Apologies to Lionel Shriver, author of “We Need To Talk About Kevin” for nicking her title and also to the Open Championship for associating it with the monstrous Kevin.
The Open has not yet become a monster but it is a behemoth and not long ago I (and numerous others) had an email from the R&A asking for ideas for improving the Open. Well, on closer inspection, there wasn’t that much room for suggestions, it was more about your Open and sports-watching habits in general.
Not being a corporate, big business being, it seems to me that quite a few of the R&A’s recent decisions have conspired to make the Open less open, to make it, frankly, more dull and boring and uniform, more about money-making than making golfers, or golf fans, of non-golfers.
The most appalling decision was to ditch terrestrial television, at a stroke (a very bad stroke) slashing the audience by millions. People have to work much harder to find the golf now, which is why many of them will end up not bothering at all.

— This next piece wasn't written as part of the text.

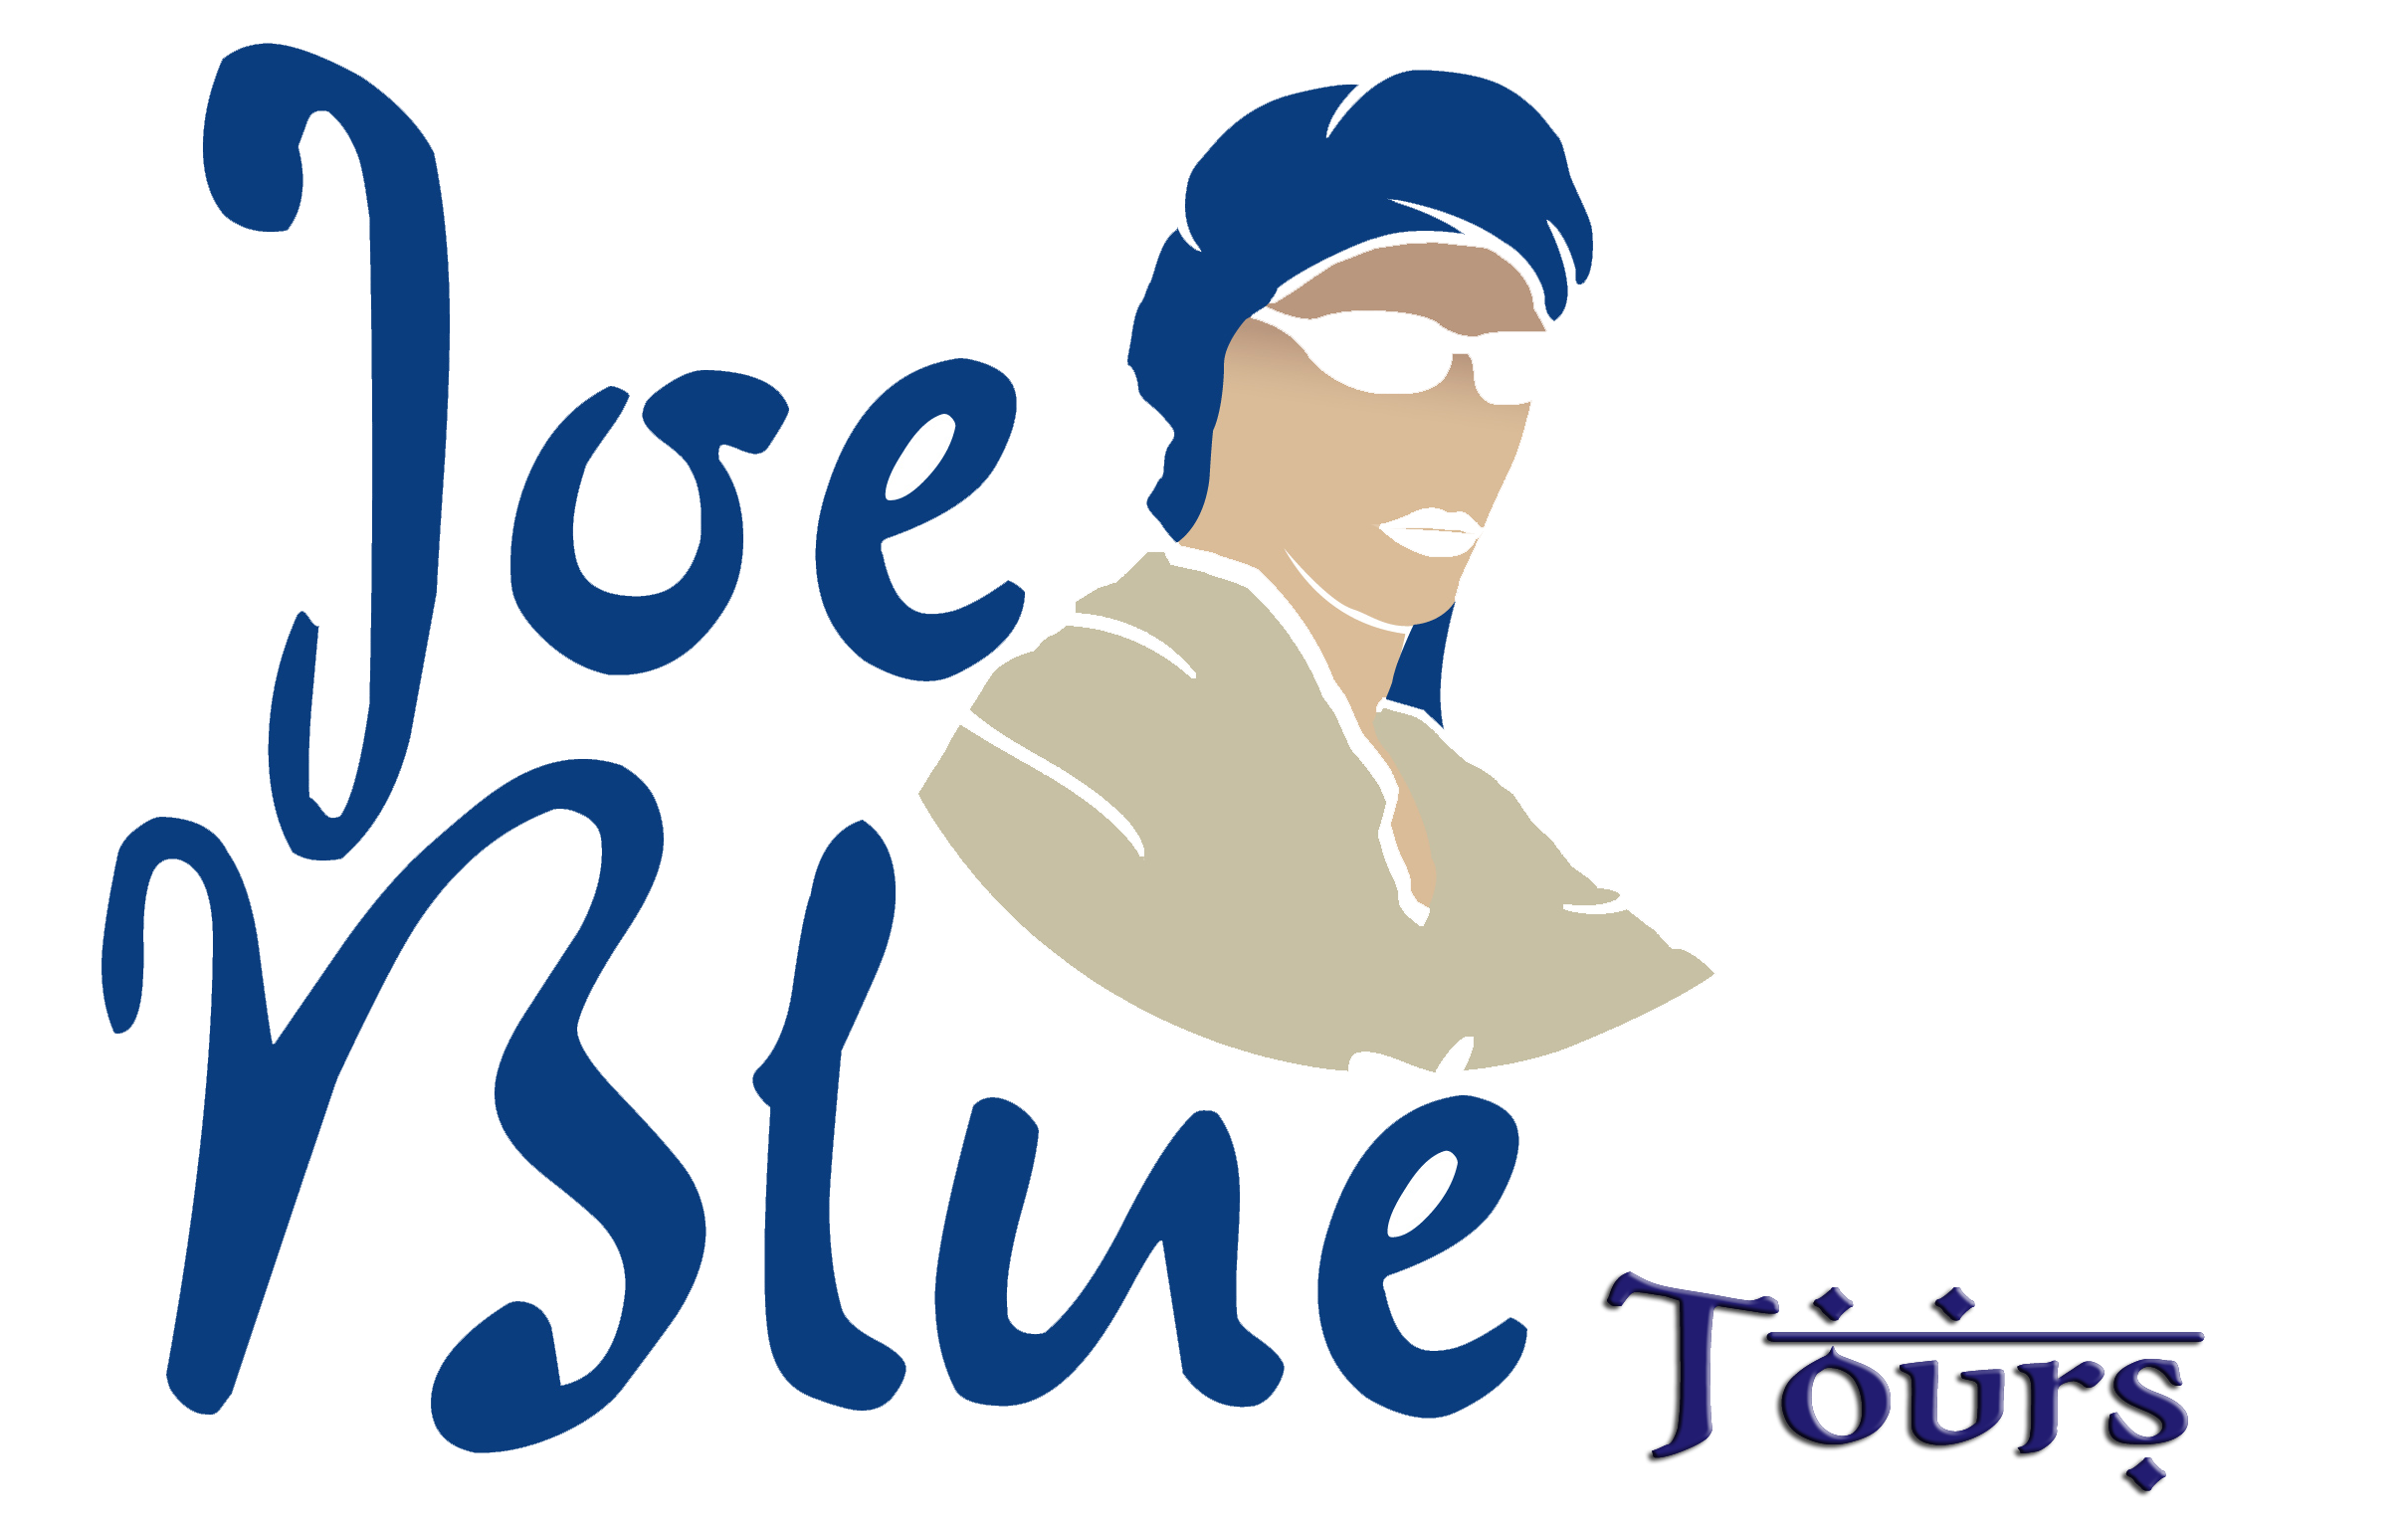 Joeblue Tours

Perhaps the numbers will be made up eventually as we oldies die off and are replaced, if all the promotional campaigns work, by on-line-streaming, tech savvy, social media junkies who play most of their games on a device with a screen. Golf is all about connectivity after all.
By far my favourite worst decision, however, was the corporate sanitisation of the exhibition/merchandise tent, although perhaps I should thank the R&A for turning it into a place I don’t have to visit any more and saving me a shedload of money. (Although I do usually go in once, for a quick recce, to confirm that it’s still a soulless temple to Mammon.)
In the tented village at Troon last year, there was a big advertising poster thing featuring a family of four clad in the R&A’s favoured brand and I couldn’t help wondering how many hundreds their bill would come to. Luke Donald is lucky that he doesn’t have to clothe himself at his sponsor’s prices but, of course, you do get 10 per cent off if you pay with a particular card. That applies to ice cream and food too and you will need more than loose change to keep yourself fed and watered at Open prices. I think they’re iniquitous but no doubt some diligent number crunchers beavering away at their spreadsheets will say that the figures make sense. Not to those of us who crave a bit of variety, a smidgeon of flair, a hint of the unexpected and value for money they don’t. But at least the main event didn’t disappoint, with Henrik Stenson and Phil Mickelson putting on the performance of their careers in the last round.
Unparalleled golfing excellence notwithstanding, I have a friend who won’t be going to the Open again because of the boozing. “Too many pissed up lads,” he said. “I don’t want to be in the middle of it any more. And the crowds prevent any decent view of the golf.” So that’s him off the attendance list.
You have to be canny and clued up to watch golf at the big events and staying sober throughout a long day in the fresh air or the hospitality tents can be a big ask for those who are there for the day out and haven’t signed the pledge. Encouraging the crowd to feel involved can be a double-edged sword if they take heckling and partisanship to extremes and start interfering. Not everyone knows what the limits are.
Mind you, I was sorry to hear that the Bolly will be gone at Birkdale, or at least its champagne tent will. Bollinger didn’t sell enough bottles at Troon apparently. I hope I’m misinformed because I have many happy, if slightly fuzzy memories of long, entertaining, informative sojourns therein, particularly on a Saturday when no deadline loomed. One non-golfing friend still waxes lyrical about her visit to a particularly wet and windy Muirfield (welcome back to the rota by the way) when the weather saved her from having to watch any golf at all and she babbled the afternoon away on a sea of bubbles.
Golfers have a long association with drink – though today’s highly toned athletes seem to be more abstemious than their predecessors – and I love the story about Harry Vardon and his response to the woman from the Temperance Society who knocked on his door and tried to persuade him to sign on for abstinence. Vardon drew himself up to his full height and said: “Madam, I have never knowingly been beaten by a teetotaller. I bid you good day.”
Slainte. Happy St Patrick’s Day everybody.